Notes sur les Sûretés Judiciaires

Les Sûretés Judiciaires

Les sûretés judiciaires, régies par la loi de 1991, offrent une protection aux créanciers en permettant de conserver des biens en attendant une décision judiciaire. Contrairement aux simples mesures conservatoires, elles possèdent deux natures juridiques : elles constituent des sûretés réelles, donnant des droits réels accessoires, ainsi que des procédures conservatoires nécessitant souvent l'intervention d'un juge. Celles-ci diffèrent des sûretés réelles de droit commun, qui peuvent être de nature légale ou conventionnelle selon les articles L.531-1 et L.531-2. Elles confèrent au créancier des droits de préférence et de suite, tel que précisé dans l'article R.532-8 du CPCE : « le créancier jouit des mêmes droits d’une sûreté conventionnelle ou légale ».

Publicité

La publicité est une étape cruciale pour l'opposabilité de la mesure. Elle se divise en deux phases :

  1. Publicité Provisoire :
    Cette mesure a pour effet de maintenir la sûreté pendant trois ans renouvelables. Les formalités de publicité doivent être notifiées au débiteur dans les huit jours suivant leur exécution, faute de quoi l'instruction devient caduque. Le créancier doit saisir la justice pour obtenir un titre exécutoire dans un mois suivant l'inscription provisoire, pour éviter la caducité de celle-ci. Si la publicité provisoire vient à être caduque, une nouvelle autorisation judiciaire sera requise.
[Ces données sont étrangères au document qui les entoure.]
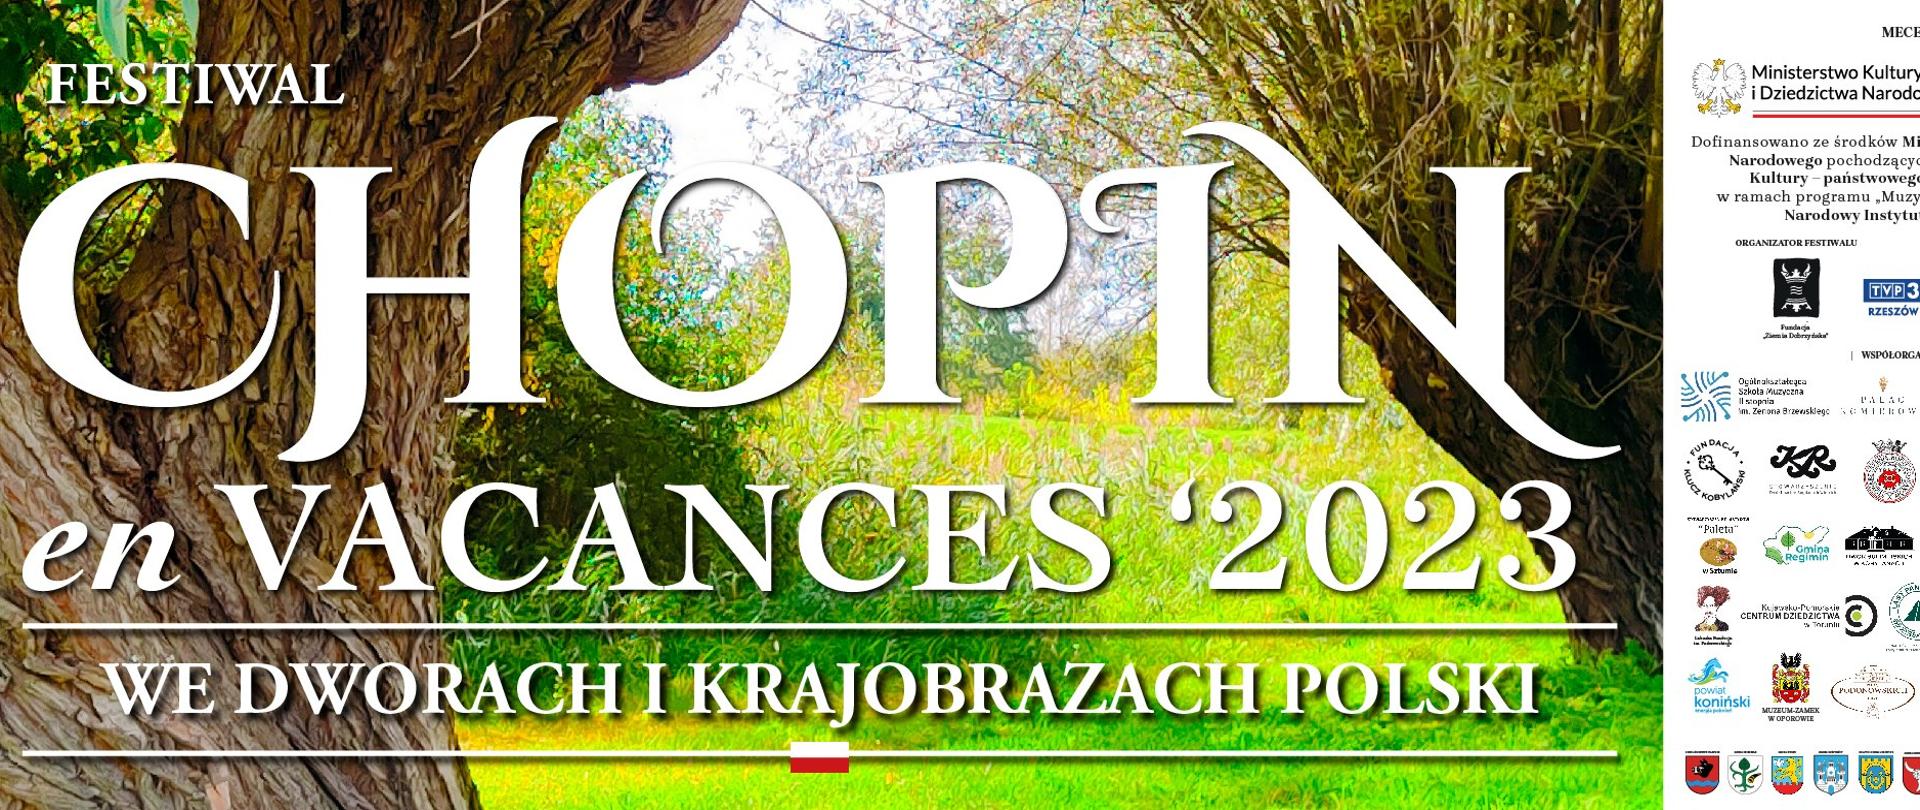 Na tle zielonych drzew i trawy napis festiwal Chopin en vacances 2023, we dworach i krajobrazach Polski
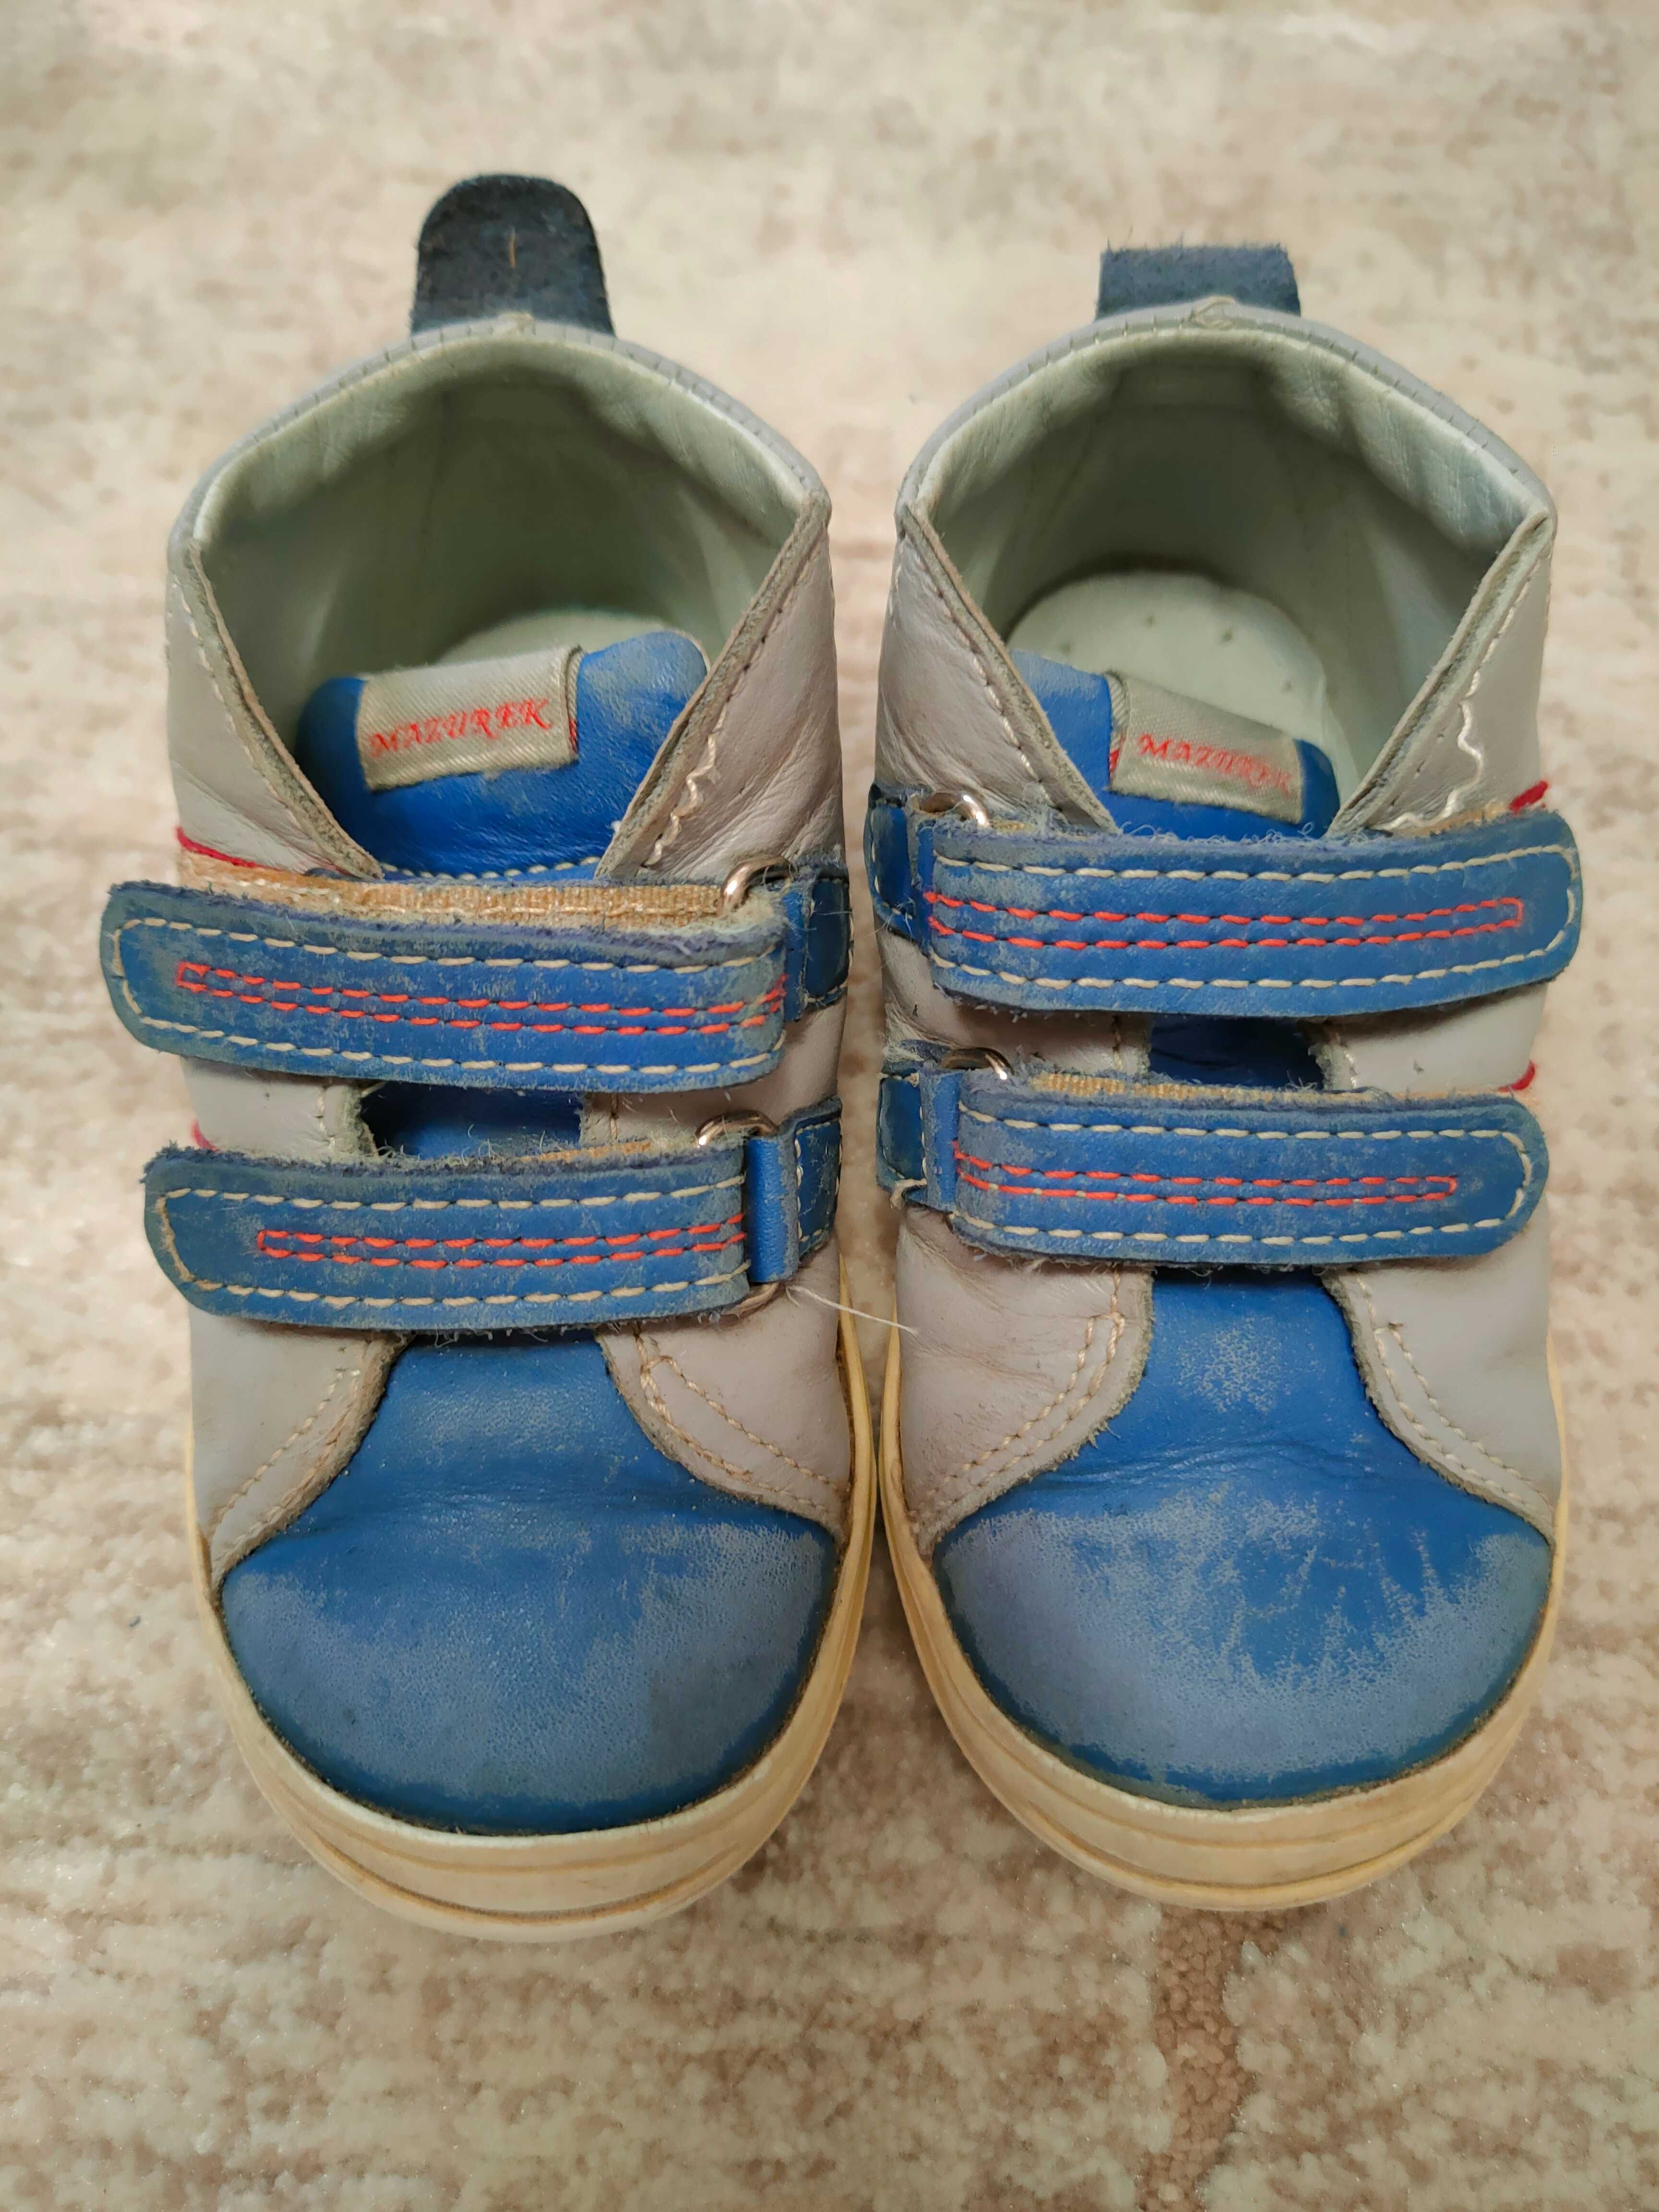 Buty Mazurek 22 dla chłopca buciki skórzane wiosenne na wiosnę

La publicité conservatoire doit être confirmée par la publicité définitive dans un délai de deux mois, sous peine de caducité. Le point de départ de ce délai est complexe et varie selon qu'il y a un titre exécutoire ou non.

  2. Publicité Définitive :
    Elle est soumise à un double délai d'un mois (article R.532-6) et de deux mois (article R.533-4) pour son inscription. Selon que le titre est assorti de l'exécution provisoire ou a déjà acquis force de chose jugée, le point de départ pour ce délai peut varier. De plus, le juge peut restreindre les effets de l'inscription provisoire si le débiteur prouve que la valeur du bien grevé est supérieure au double des sommes dues.

Modalités Particulières

Les sûretés judiciaires incluent quatre types limitatifs :

  1. Hypothèque Judiciaire Conservatoire :
    Elle permet au créancier d'inscrire provisoirement son privilège. L'inscription se fait en deux temps : d'abord provisoire, puis définitive. L'inscription provisoire est réalisée par le dépôt de deux bordereaux au service de la publicité foncière, identifiant toutes les parties impliquées. Elle doit être notifiée au débiteur dans les huit jours ; sinon, elle est caduque. L'hypothèque prend rang au jour de la première inscription. Elle est opposable aux tiers durant trois ans, où la procédure doit évoluer vers une inscription définitive ou être renouvelée.

  2. Nantissement Conservatoire de Fonds de Commerce (FDC) :
    Ce nantissement s'applique aux créances civiles ou commerciales liées au FDC, régies par l'article R.512-1. Le processus comprend également une publicité provisoire et une définitive, permettant d'identifier les parties et la créance.

  3. Nantissement Conservatoire de Parts Sociales :
    Ce nantissement concerne les droits d'un associé vis-à-vis de sa société. Le processus implique une double publicité, mais diffère des autres types de nantissements, car il ne prive pas l'associé de son droit de vote et les parts peuvent être aliénées.

  4. Nantissement Conservatoire de Valeurs Mobilières :
    Ce nantissement s'applique aux actions et obligations, avec des procédures similaires de publicité, où la gestion des titres peut impliquer divers intermédiaires. Les actifs demeurent aliénables, permettant par exemple l'utilisation des gains de vente pour acquérir d'autres valeurs.

En conclusion, la mise en place efficace de ces sûretés judiciaires repose non seulement sur la compréhension des délais et formalités demandées, mais aussi sur la capacité à naviguer dans les implications juridiques liées à chaque type de sûreté.